I just scraped some of your data to show you that you can find points on the whole dataset, without using a sliding window (but you could, in theory):
- Local extrema (find peaks in raw data)
- Max Steepness (find peaks in 1st derivative)
- Inflexion points (find peaks in 2nd derivative)
First, let's have a look on calculating the derivatives:
import numpy as np
import pandas as pd
import matplotlib.pyplot as plt
df = pd.read_csv("Default Dataset.csv",
sep=';',
decimal=",",
header=None)
### Interpolate linearily ###
x_new = np.linspace(0, df[0].iloc[-1], 2000)
y_new = np.interp(x_new, df[0], df[1])
### First and second derivative ###
diff1 = np.insert(np.diff(y_new), 0, 0)
diff2 = np.insert(np.diff(diff1), 0, 0)
### Plot everything ###
plt.figure(figsize=(12,3))
plt.subplot(131)
plt.plot(x_new, y_new)
plt.subplot(132)
plt.plot(x_new, diff1)
plt.subplot(133)
plt.plot(x_new, diff2)
plt.tight_layout()
Here, I also interpolate to have an equal spacing between the datapoints.
Further, I insert a 0
at position 0
using the np.insert
function after the differentiation, to ensure the same shape as the raw data.

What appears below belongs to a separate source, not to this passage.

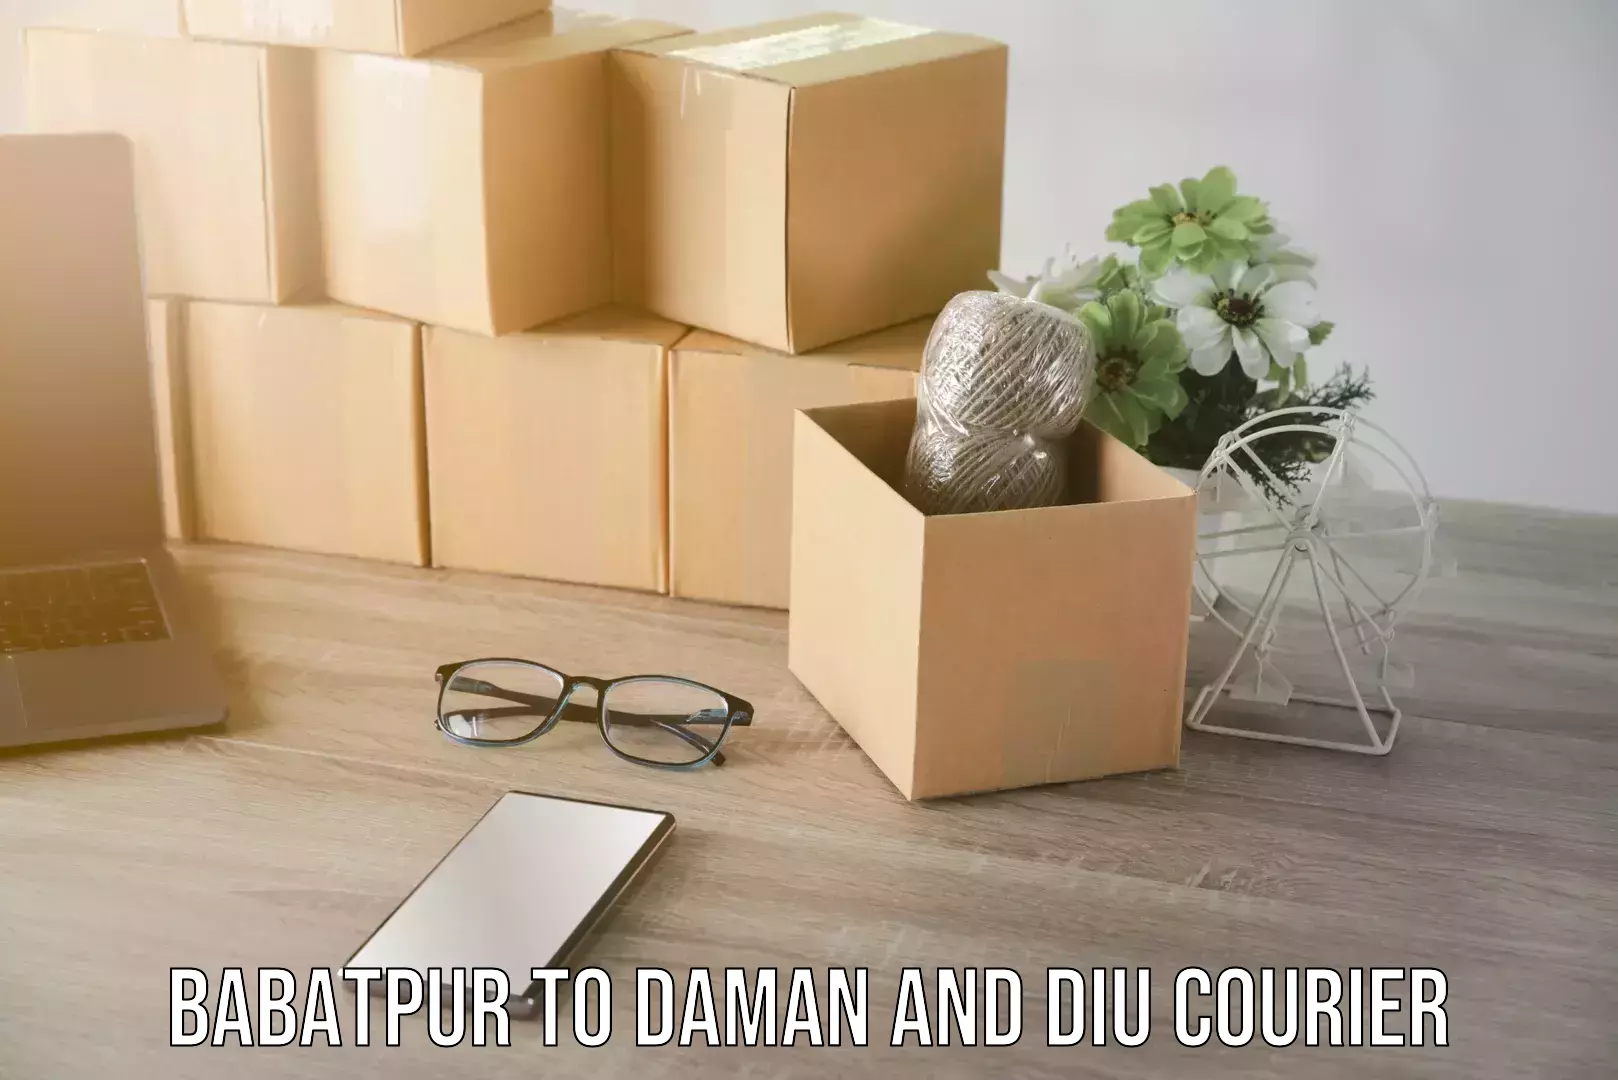 Reliable delivery network Babatpur to Daman and Diu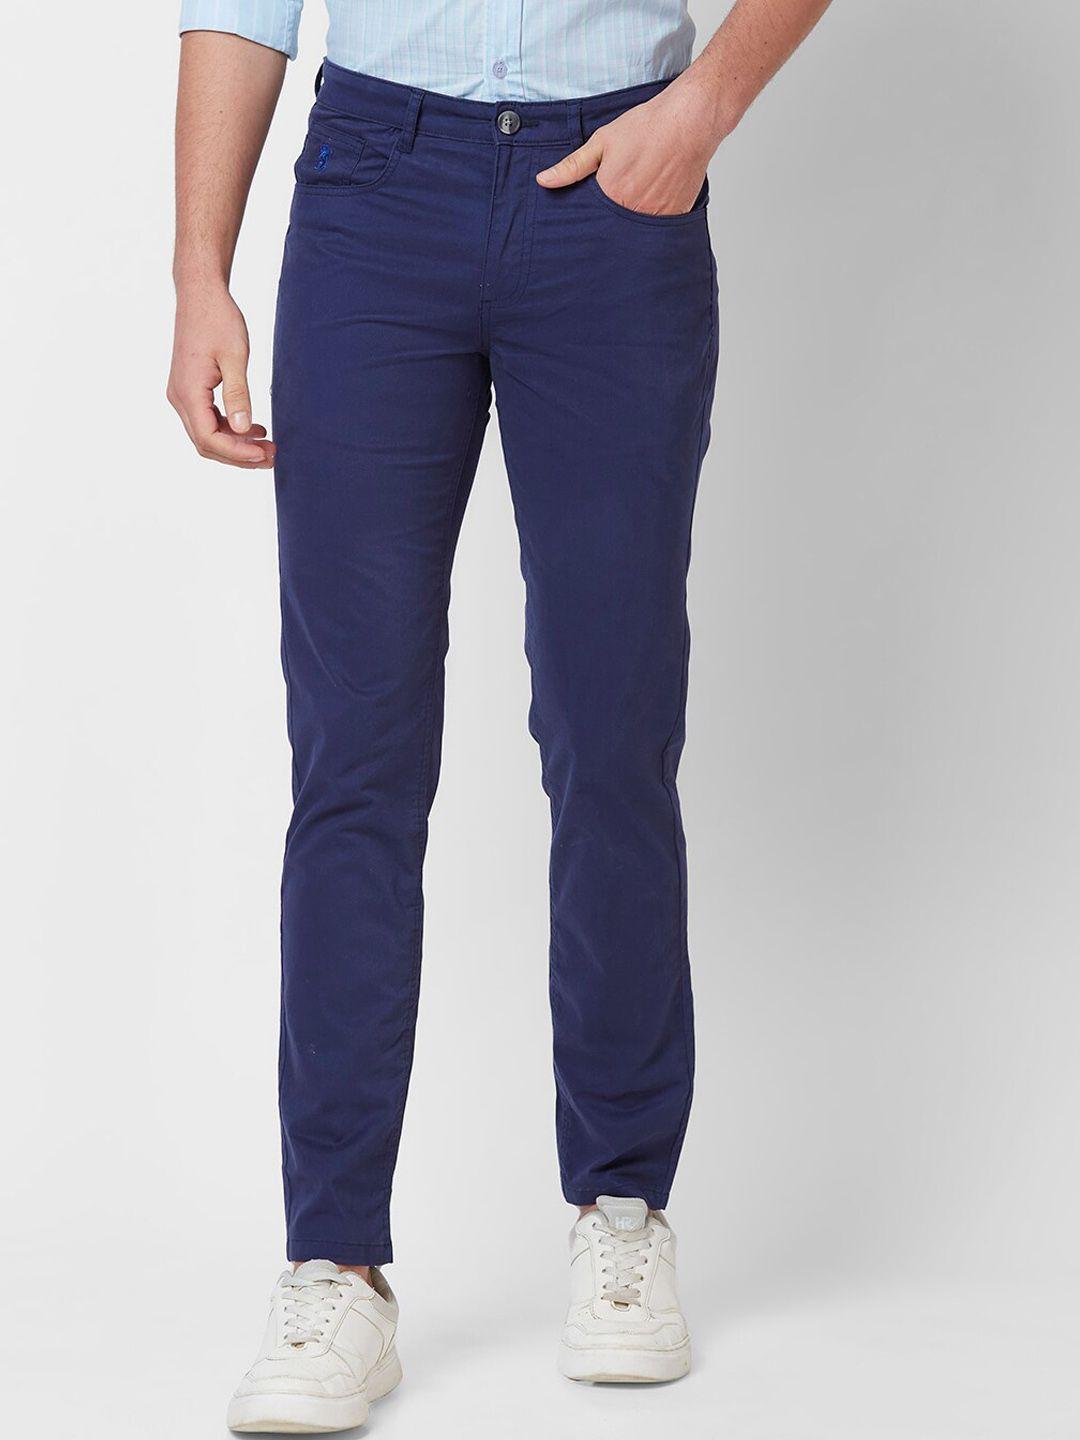 giordano men blue slim fit chinos trousers

Next, we will find the peaks:
import peakutils as pu
ix_abs = pu.indexes(y_new, thres=0.5, min_dist=15)
ix_diff1 = pu.indexes(diff1, thres=0.5, min_dist=15)
ix_diff2 = pu.indexes(diff2, thres=0.5, min_dist=15)
plt.scatter(x_new[ix_abs], y_new[ix_abs], color='g', label='abs')
plt.scatter(x_new[ix_diff1], y_new[ix_diff1], color='r', label='first deriv')
plt.scatter(x_new[ix_diff2], y_new[ix_diff2], color='purple', label='second deriv')
plt.plot(x_new, y_new)
plt.legend(loc='best')

I am using the peakutils package, because it works nicely in almost all cases. You see that not all points that were indicated in your example were found. You can play around with different parameters for threshold
and minimum distance
to find a better solution. But this should be a good starting point for further research. Indeed, the minimum distance
parameter would give you the desired sliding window.